The quarterly survey by the Advertising Association (AA) and Warc found that UK advertising grew just 1.3% year on year in the first quarter of 2017 to reach £5.4bn. TV advertising took a surprising hit, dropping 6.2%, its first fall since 2009.

“The latest data show that large retailers – particularly supermarkets – and major food brands reined in their TV spending by 25% during the first three months of 2017, instead committing to cutting prices on the shelves as household expenditure wanes,” says James McDonald, senior data analyst at Warc.

READ MORE: Channel 4 admits TV ad market is in recession as big brands pull back

The decline in TV ad spend was not enough to offset the growth seen in internet ad spend, which was up 10.1% and accounted for almost all the growth in the industry.

The report found that digital formats performed well across the board, up 25.4% for national news brands, 8% for radio, 7.2% for broadcaster video-on-demand and 27.6% for out-of-home. Cinema also grew 27.6% year on year, as brands including River Island and YouTube used the medium.

Mobile formats saw the fastest growth, at 36.2%, while search continue to hoover up spend. The report estimates that £1 in every £4 spent on advertising now goes on search.

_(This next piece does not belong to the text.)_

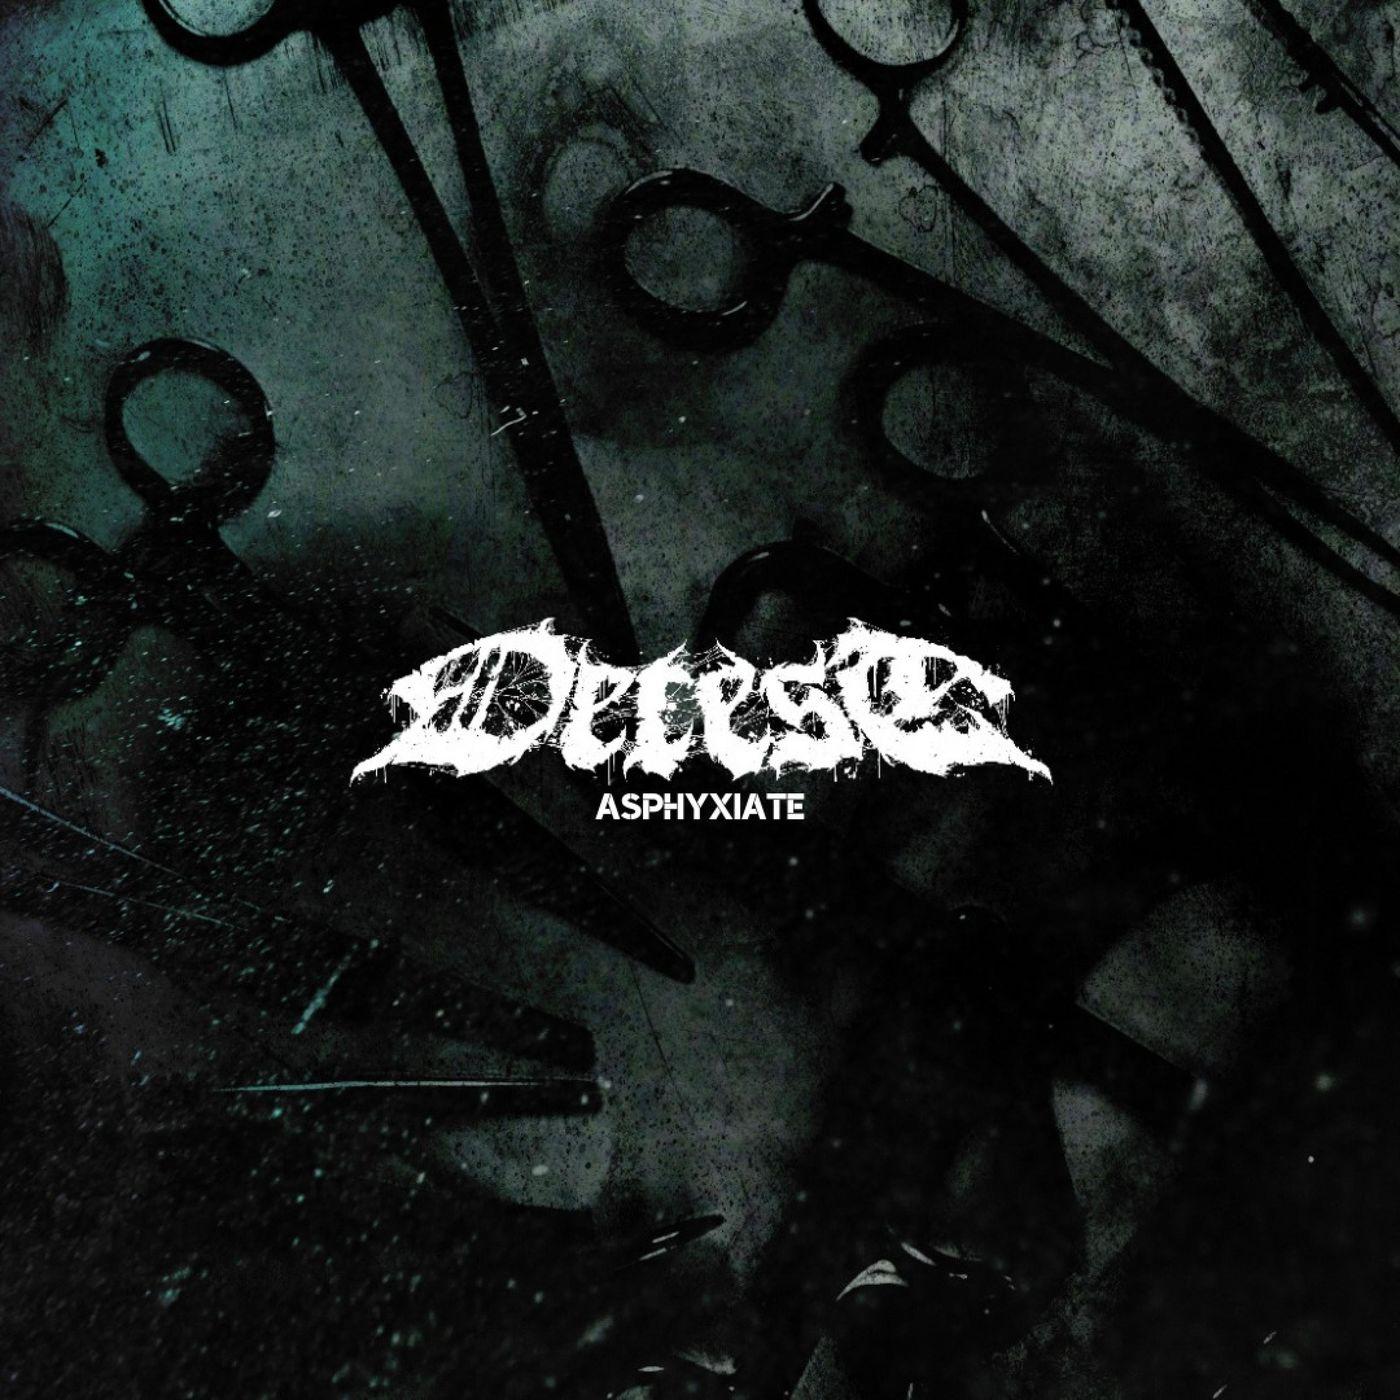 Detest - Asphyxiate [single] (2020)

Despite the slowing growth, the outlook for the advertising industry remains positive. AA/Warc expects spend to increase by 2% this year (a 0.5 percentage point downgrade from previous estimates), with that growth set to accelerate to 2.6% in 2018 driven by the men’s football World Cup and a likely rise in certainty around the terms of Brexit. TV ad spend is also expected to return to growth

“As business sentiment suffers, it’s no surprise to see ad spend come under pressure – but the market overall remains resilient,” says Stephen Woodford, chief executive at the AA.